I used to be a giant weeb in my teens, but more so for the vibes (or whatever) than actually liking anime or mango (given that I've watched 7 or 8 titles, maybe). I attended a lot of weeb conventions (12 of them or so) and my first at the ripe old age of 10 I believe. And I even moderated a panel once, with my friend! It was about Elsword in the golden days! Said panel was attended by one jealous incel out of spite; because I dated the girl he wanted to. We both left his stinky-ass guild the following week. He was basic af and I cannot imagine any other way of having sex with him than with something in his mouth and a bag on his head. It's not even about being ugly. It's about being ugly on the inside. He was also homophobic so he was thrice as ugly if you ask me. Now I'm ace and gay and my ex-girlfriend is engaged to a trans guy - suck it bitch. Anyway, yeah. I still have the entrance thing-y with "Dr Aki" as a nickname. I had PhD at the ripe old age of 10. What were you doing with your life?
So I talk a lot about learning English out of spite so maybe now I'll like… Bring the context to this; So in my 1st year of middle school, my English teacher told me I'm not gonna achieve anything in this field because I'm dyslexic and I don't pronounce shit correctly. So I took it upon myself to spit on her face and I started teaching myself by myself; I was reading dictionaries (still do, as a matter of fact, that's a hobby of mine; and according to my favourite greek professor - hers too), watching dozen people speaking English on ytube (usually tried to pick folks of different ethnicities because it's so damn enticing and mesmerising; listening to how different groups speak the same language differently) and so on and so forth. From that year onward, I was finishing every year with the highest possible grade (here, marks go from 1 to 6. With 1 being the lowest, and 6 being the highest - and requiring knowledge beyond the given curriculum) and 3 years later I went to represent my piece of shit worthy high school on English Olympics. It's like a string of tests for nerds. I didn't get really far, to be fair my life was a literal fucking mess at the time, but I got to the 2nd stage (out of 3) and got my ass handed to me by *one* exercise. I can do a lot of shit, but you take letters out of words for me and I'm donezo. I'm pulling the white flag, throwing the towel, tapping out. I can't. So yeah, I'm a machine powered up by spite!

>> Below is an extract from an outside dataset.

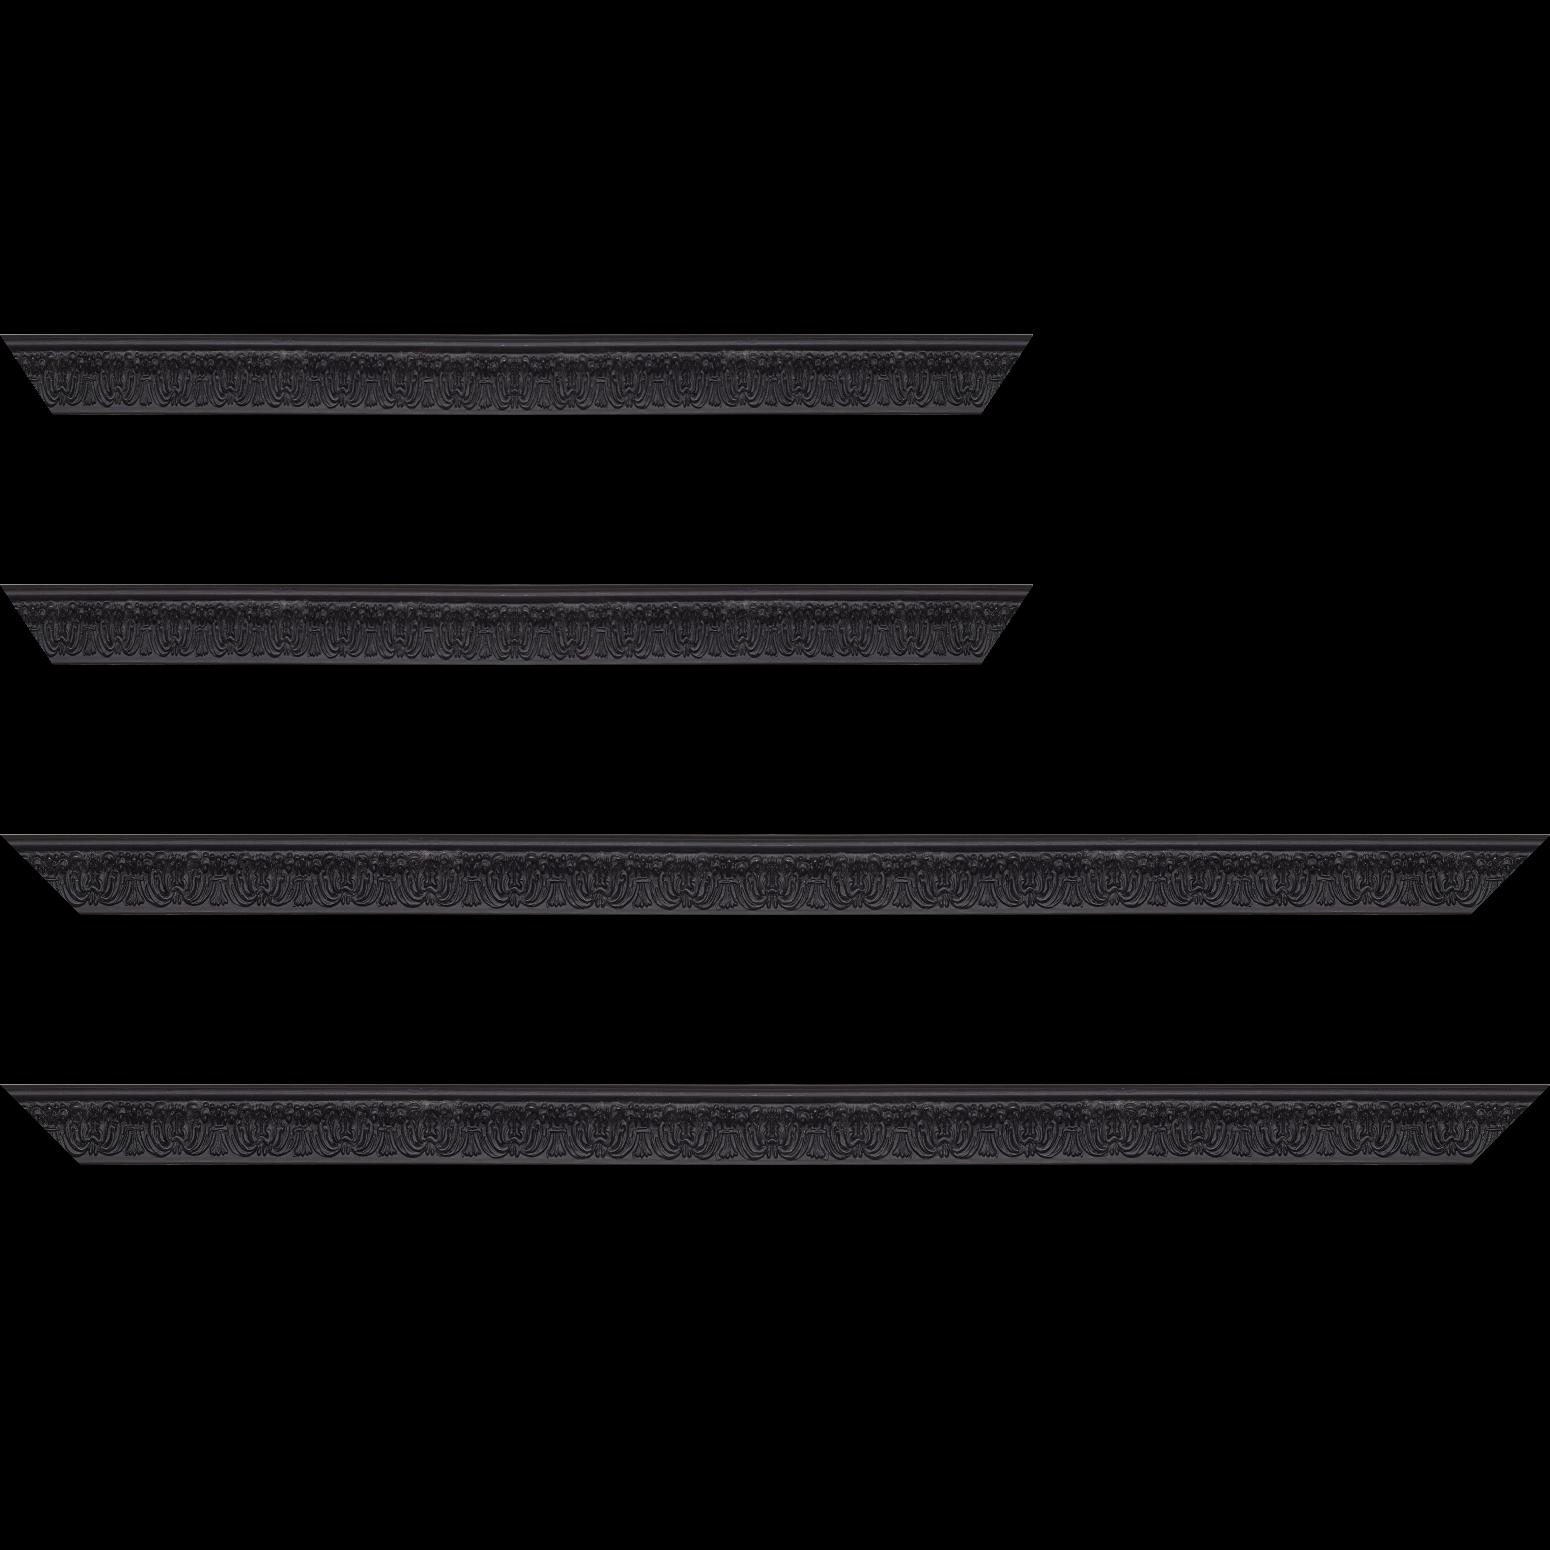 Baguette service précoupé Bois profil incurvé largeur 2.6cm couleur noir en relief sur fond noir

I was a very creative kid in the age bracket of 7 to 14. I was doing pottery classes, drawing classes, I was going to secret club meetings to write stuff. To this day I'm really missing the spark that lived in that little ol' body of mine. Not to be masturbating to my own work but I really loved the style I had back then. My narrative might have sucked from an academic perspective but it was so damn entertaining to read! I made a lot of snarky or interesting commentary in the way I wrote stuff. Some of it is really cringeworthy to read right now; given that my humour has changed a lot, but it just goes to show that kids can be really, really creative. I also had so much time on my hands, because bitch - I was manufacturing love stories like some of the biggest monopolies in this world. Friends to enemies to lovers, friends to lovers, frenemies to frelovers, retellings, original concepts, concepts 'that I thought were original but then I started classical studies', concepts that borderline on copyright theft - you fucking name it. And you know what? Not a single dick in sight. That's right, I was a pure bean even then… I wasn't 2 years later but that's beside the point.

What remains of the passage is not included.